Set out exactly, and only, the lines running from the one containing "baby shark outfit for baby girl" to the bottom of the listing below; pictures stay out.

START Recorded information

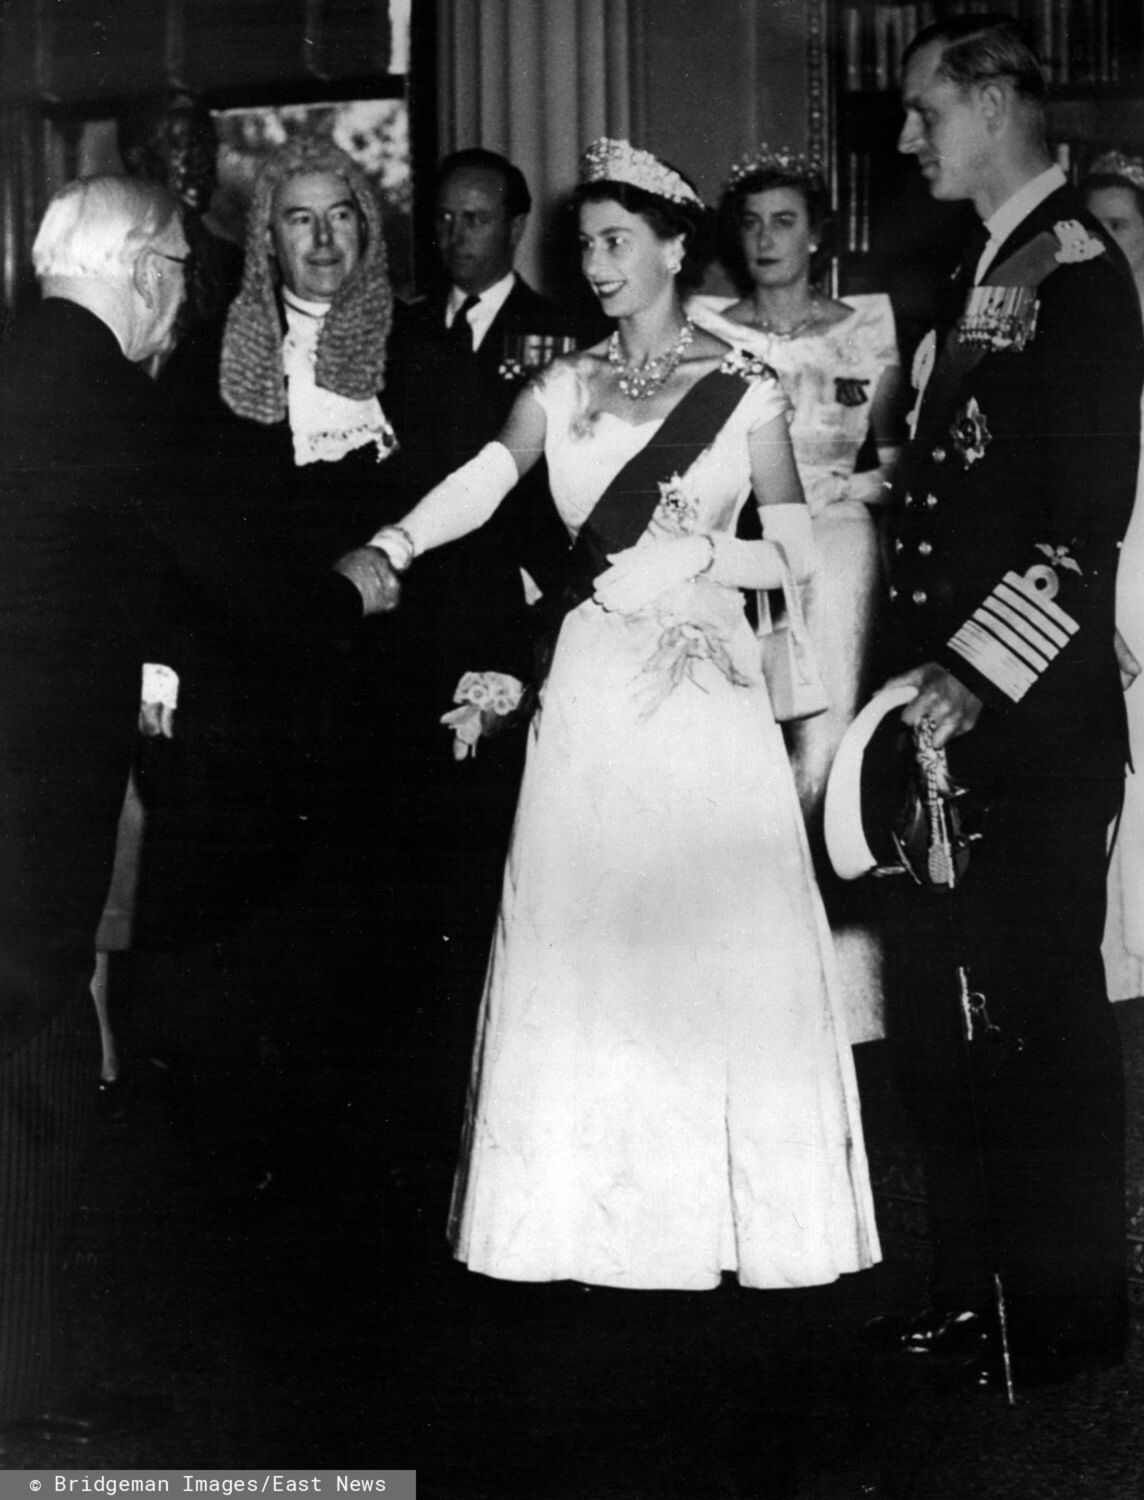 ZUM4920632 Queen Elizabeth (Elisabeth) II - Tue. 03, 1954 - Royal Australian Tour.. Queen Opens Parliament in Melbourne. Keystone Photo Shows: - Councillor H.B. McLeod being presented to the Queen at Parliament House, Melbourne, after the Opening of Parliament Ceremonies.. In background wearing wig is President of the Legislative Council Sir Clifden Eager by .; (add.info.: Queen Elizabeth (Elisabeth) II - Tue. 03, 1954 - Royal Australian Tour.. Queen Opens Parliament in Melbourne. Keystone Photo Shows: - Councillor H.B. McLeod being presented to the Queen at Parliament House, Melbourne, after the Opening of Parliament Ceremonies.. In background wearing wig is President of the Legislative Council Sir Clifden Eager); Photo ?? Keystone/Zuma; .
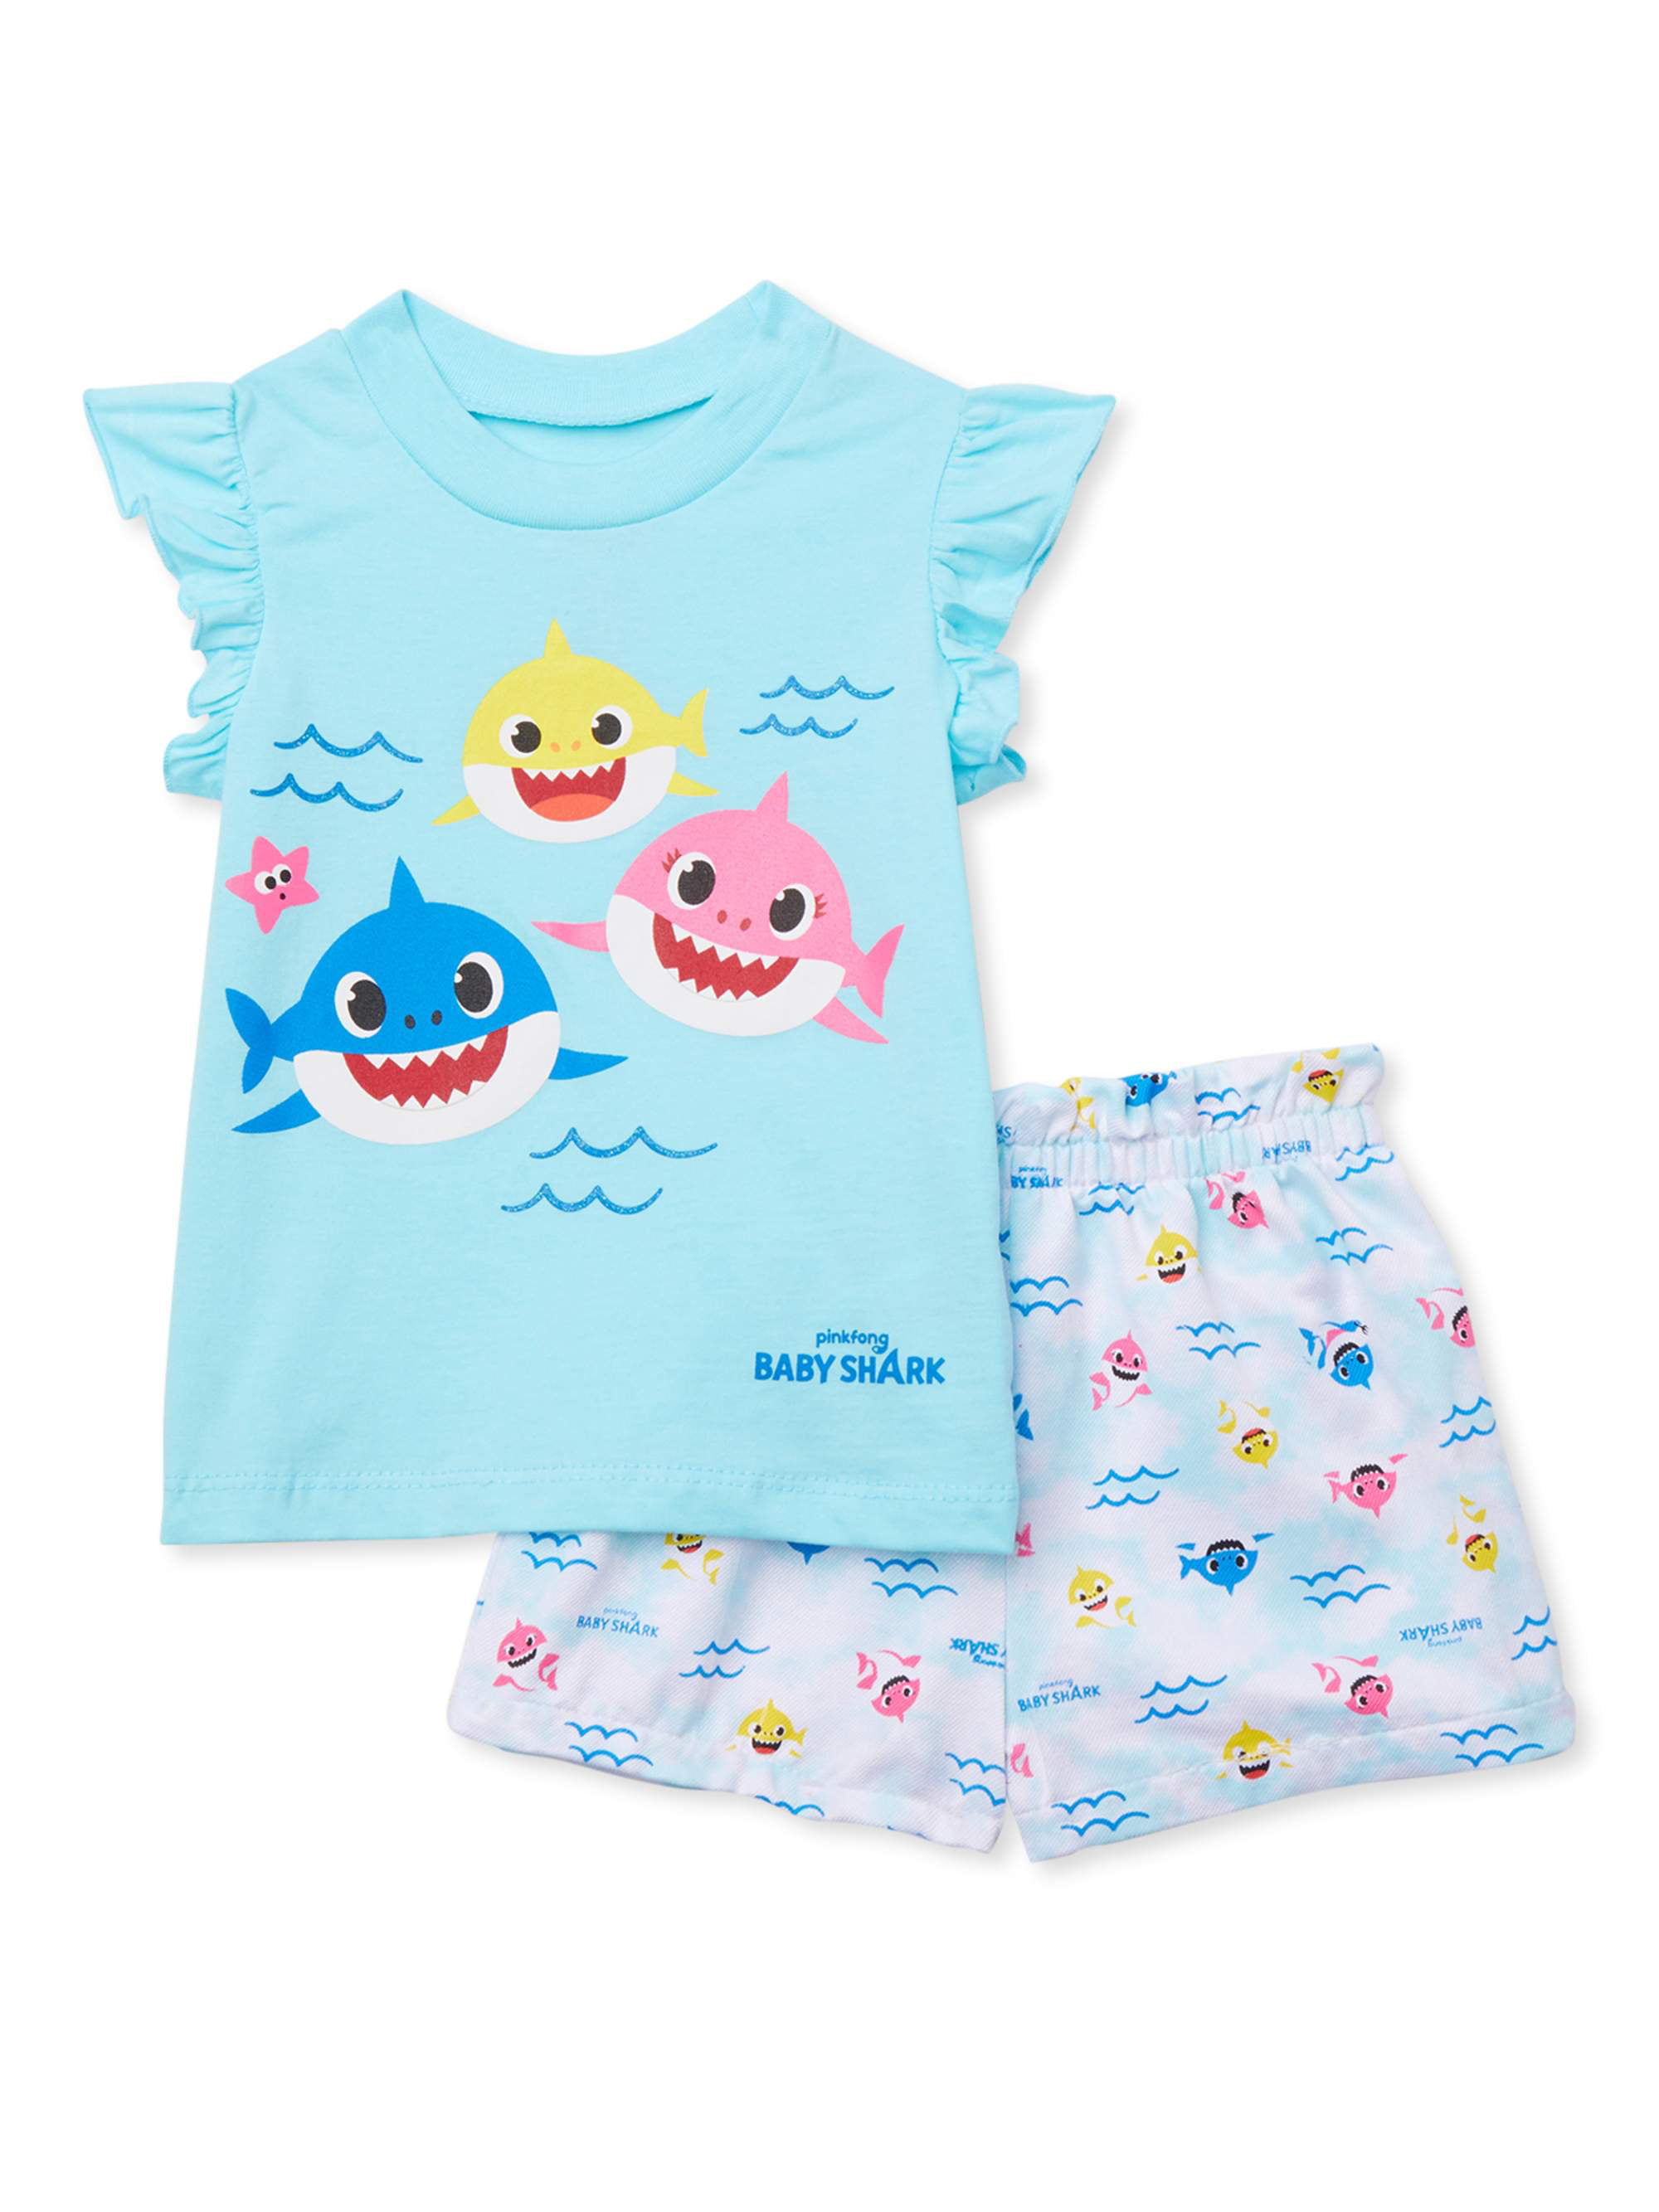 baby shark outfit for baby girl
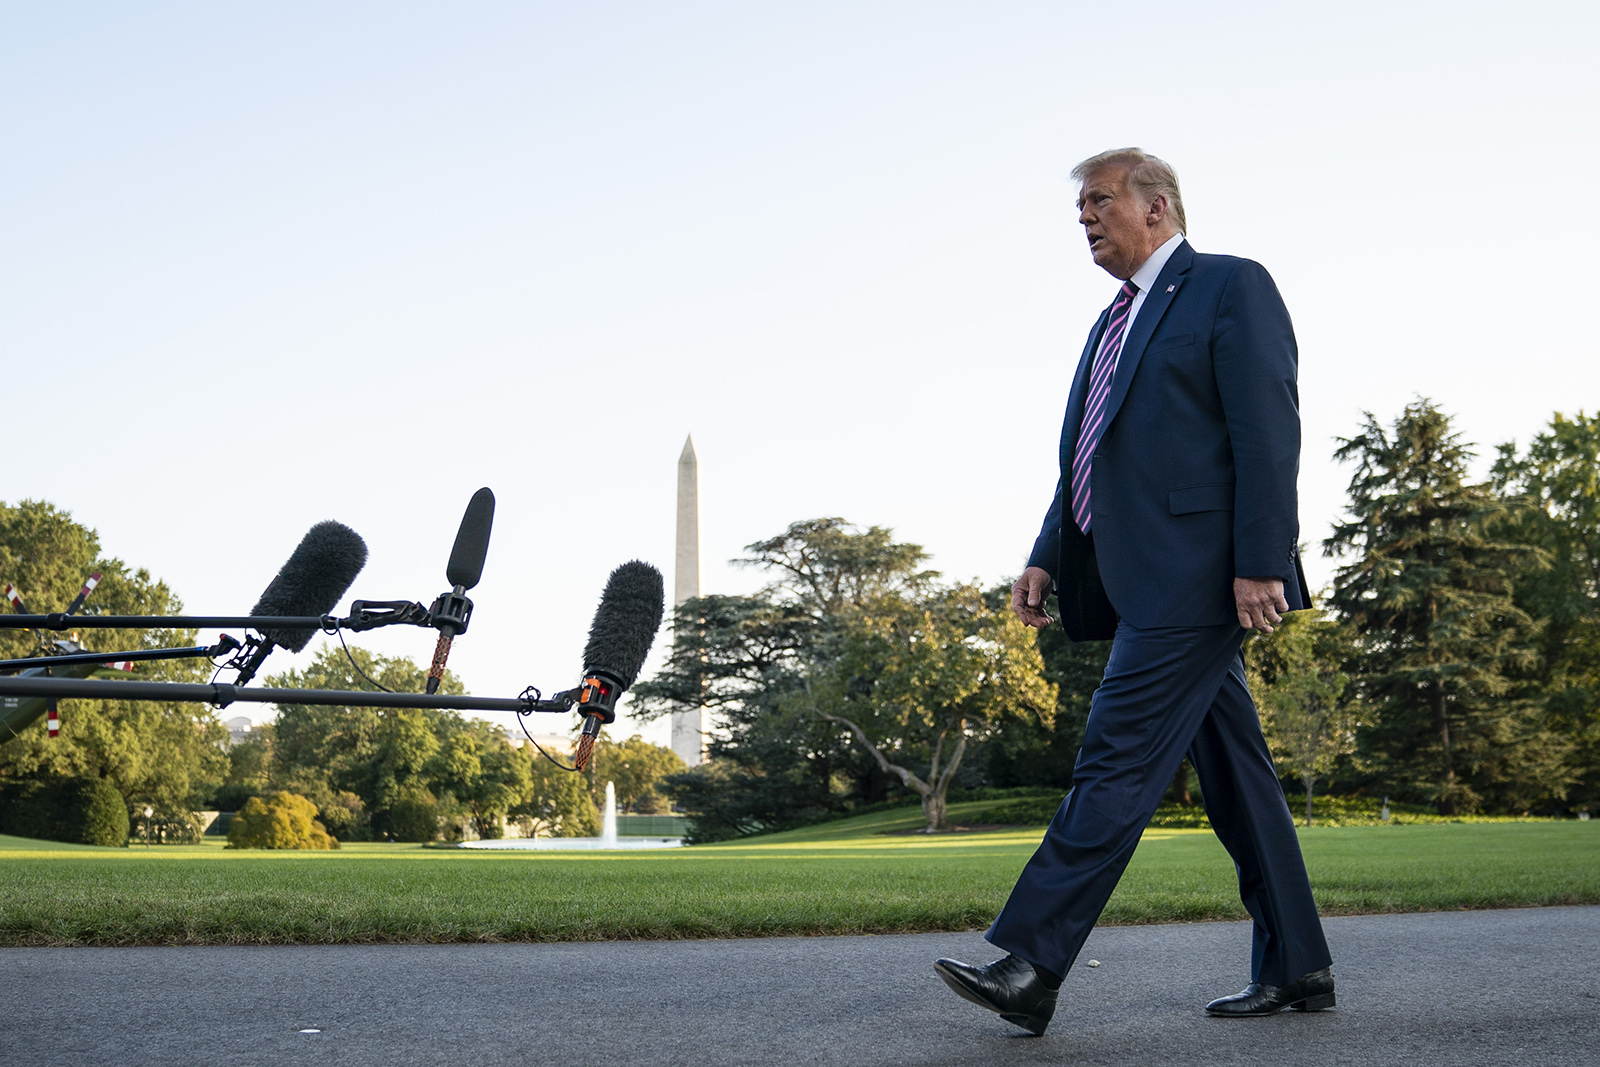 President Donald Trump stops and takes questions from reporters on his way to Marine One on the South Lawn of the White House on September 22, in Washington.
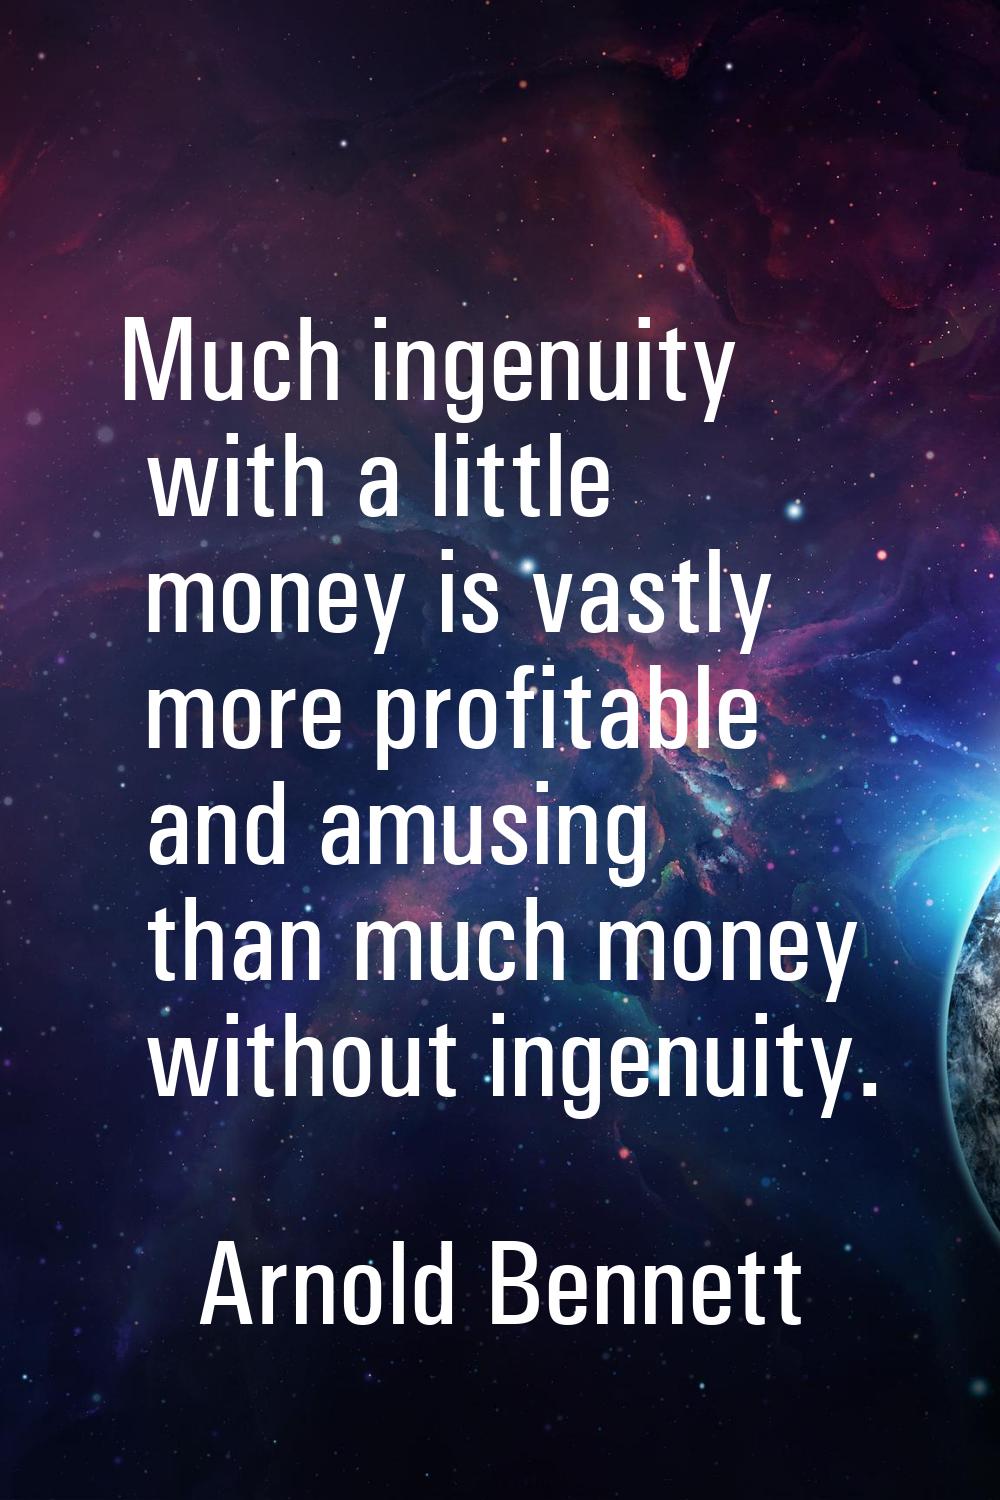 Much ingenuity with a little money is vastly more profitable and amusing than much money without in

END Recorded information

Answer to this exercise »
 baby shark outfit for baby girl
 President Donald Trump stops and takes questions from reporters on his way to Marine One on the South Lawn of the White House on September 22, in Washington.
 Much ingenuity with a little money is vastly more profitable and amusing than much money without in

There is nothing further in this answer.